UK adspend rose 6.3% year-on-year to reach £23.6bn in 2018, according to the latest Advertising Association/WARC Expenditure Report, with further growth predicted for this year and next.

This marks a record level of investment, and with spending forecast to grow 4.8% in 2019 and 5.5% in 2020, this would push the market's value to over £26bn, completing more than a decade of continuous expansion for the UK advertising industry. (Subscribers can access the full report here.) 

The figures showed the strength and resilience of the UK advertising industry in the face of current political and economic uncertainties, said Stephen Woodford, Chief Executive at the Advertising Association.

“Like all UK industries, we hope to see a positive resolution of the Brexit situation, with business-friendly data, immigration and trade outcomes that could further boost this forecast growth,” he added.

Overall market growth is being driven by increasing spend on search (up 14.3% to £6,656m) and online display advertising (up 21.4% to £5,332m), with further, but milder, growth predicted for 2019 and 2020.

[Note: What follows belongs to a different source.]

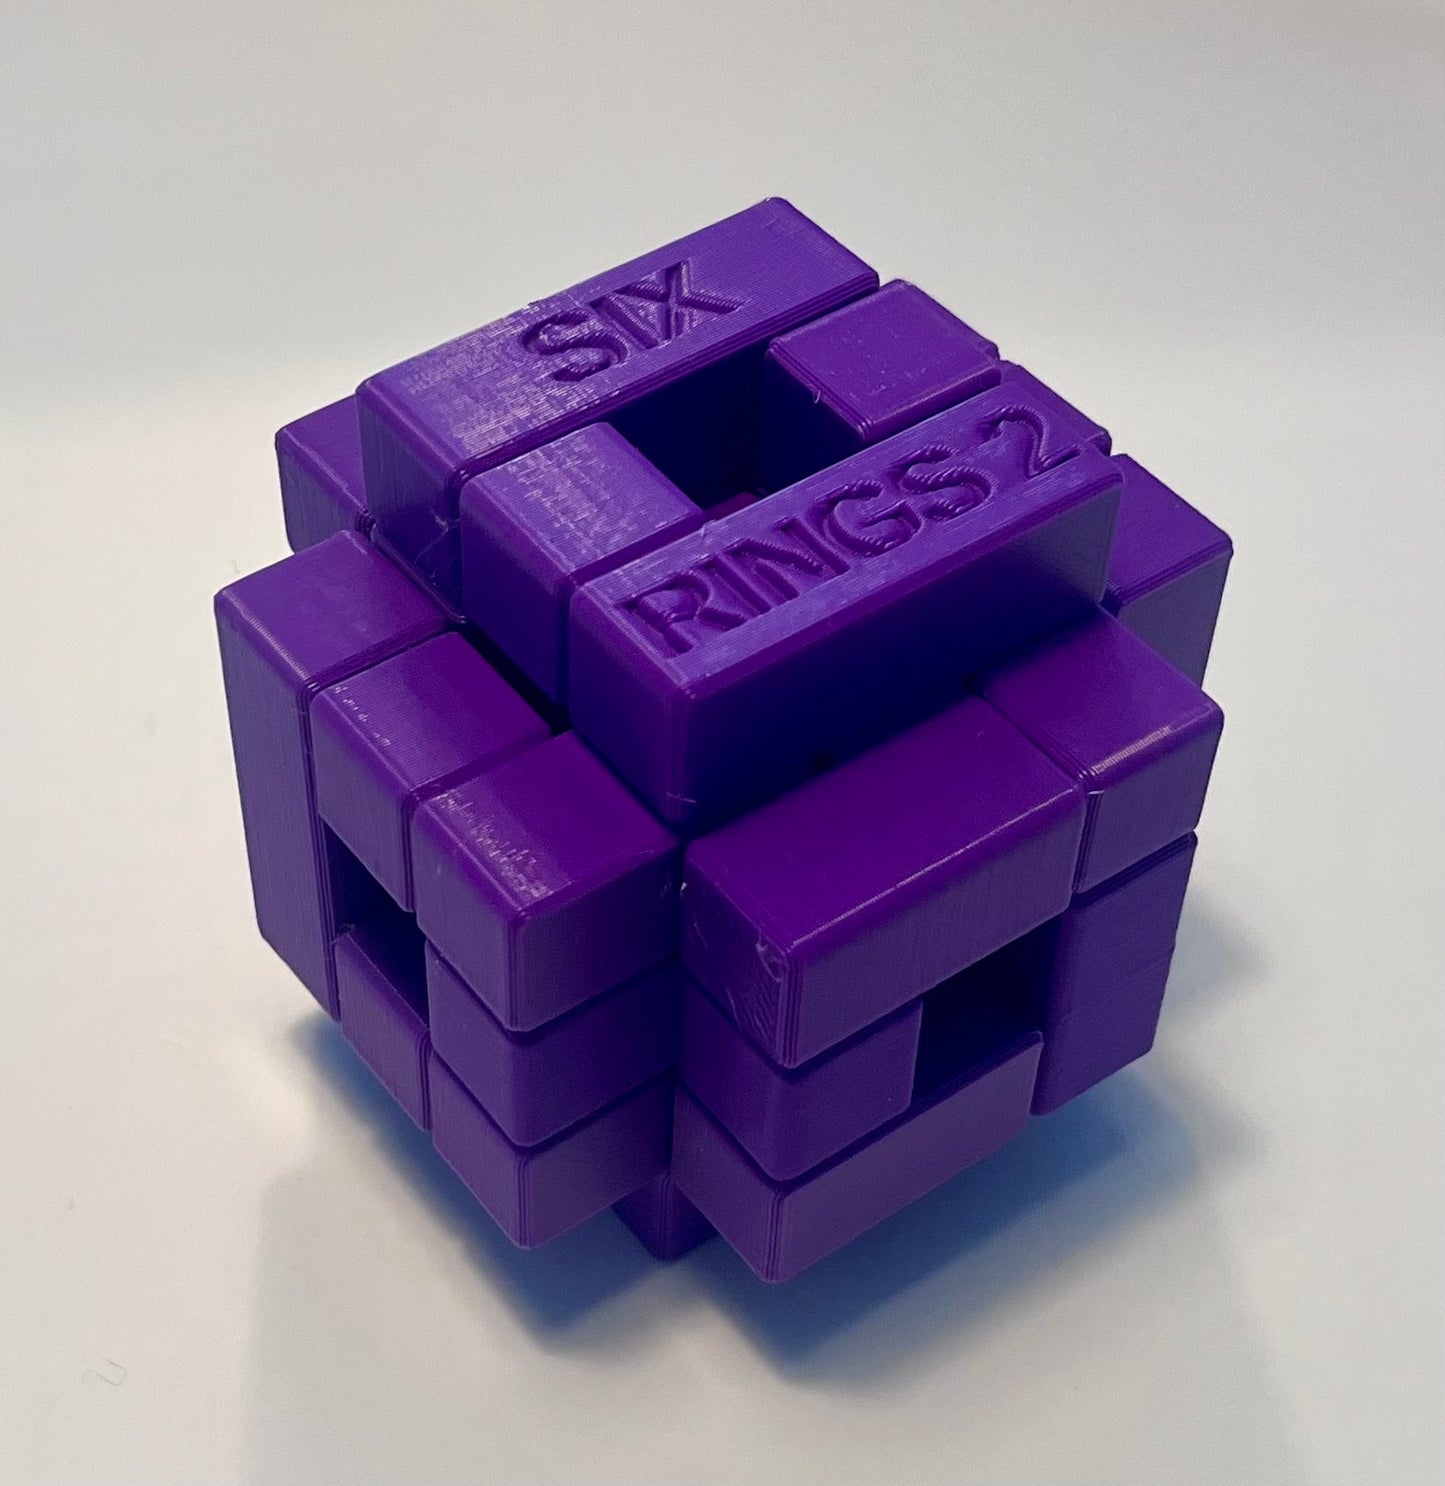 Download Volume 2 of 3D Printable STL Files for 6 5x5x5 Turning Interlocking Cube Puzzles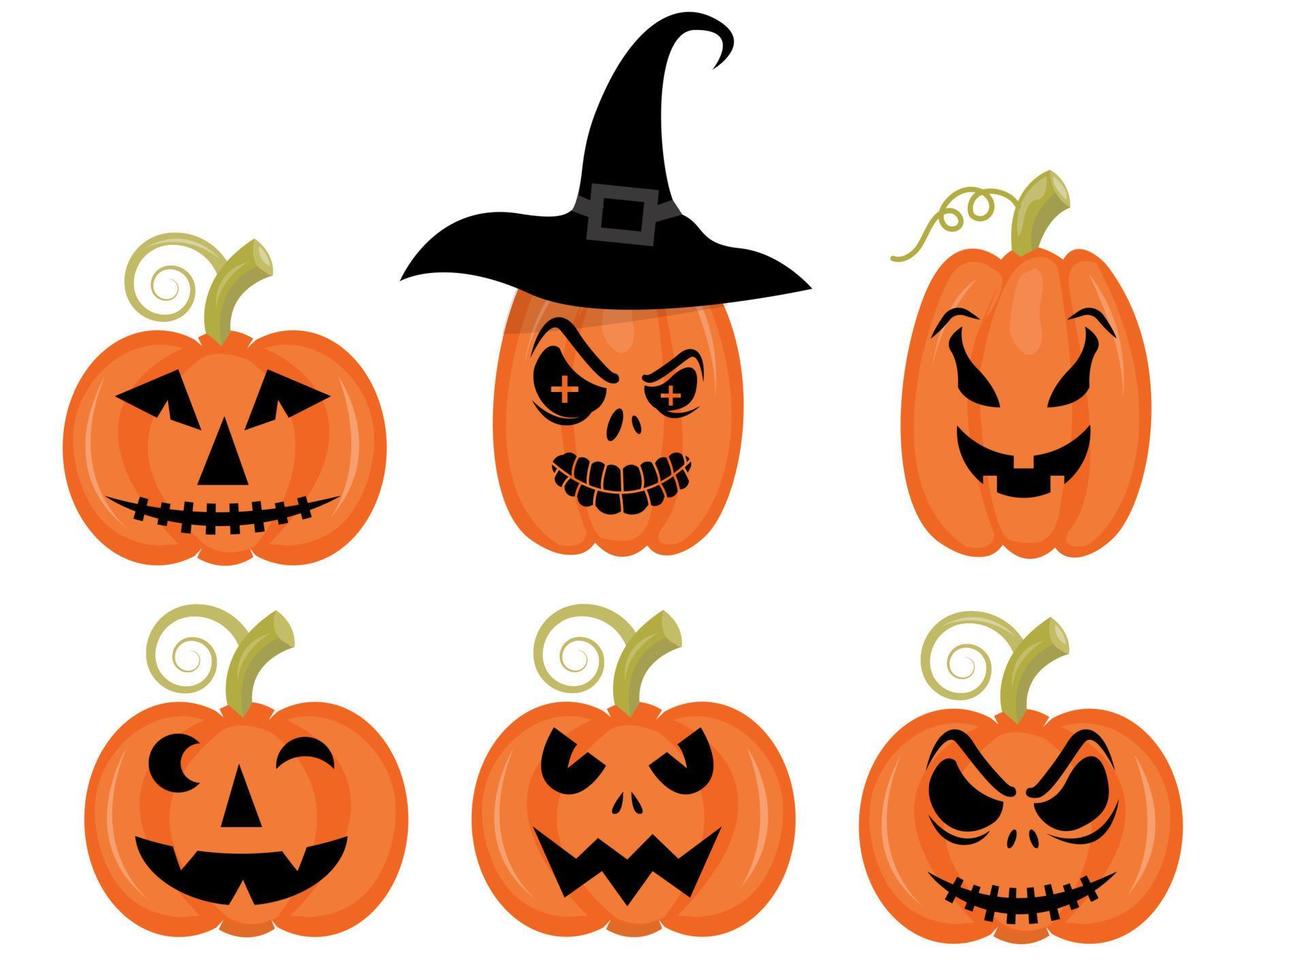 Orange pumpkin with smile and witch hat for your design for the holiday Halloween on white background. Vector illustration

The positive story for online ad formats was reflected across a number of media. Notably high growth was recorded for online radio ad formats, with a year-on-year rise in 2018 of 30.6%. Ad investment in broadcaster video-on-demand (VoD) rose 29.4% to reach £391m, while regional online newsbrands recorded growth of 7.6%.


Radio was also one of only the two traditional formats to register any significant growth, at 5.0%; the other was out of home spending, up 5.7%, with digital OOH spending 14.7% ahead. Print media continued to decline, while TV was flat.

James McDonald, Managing Editor at WARC commented: “Despite most traditional media being stagnant or in decline, the UK’s ad market expanded at its strongest rate since 2015 last year, and the growth is primarily being driven by rapidly rising investment in paid search and online display formats, particularly social media and online video.

“These online components account for just over half of UK advertising spend today, and both are almost entirely data-driven, enabling advertisers to pair their messaging with internet users based on their digital footprint. These tools are also accessible, enabling a long-tail of SMEs to invest, and this has transformed the DNA of advertising in recent years.”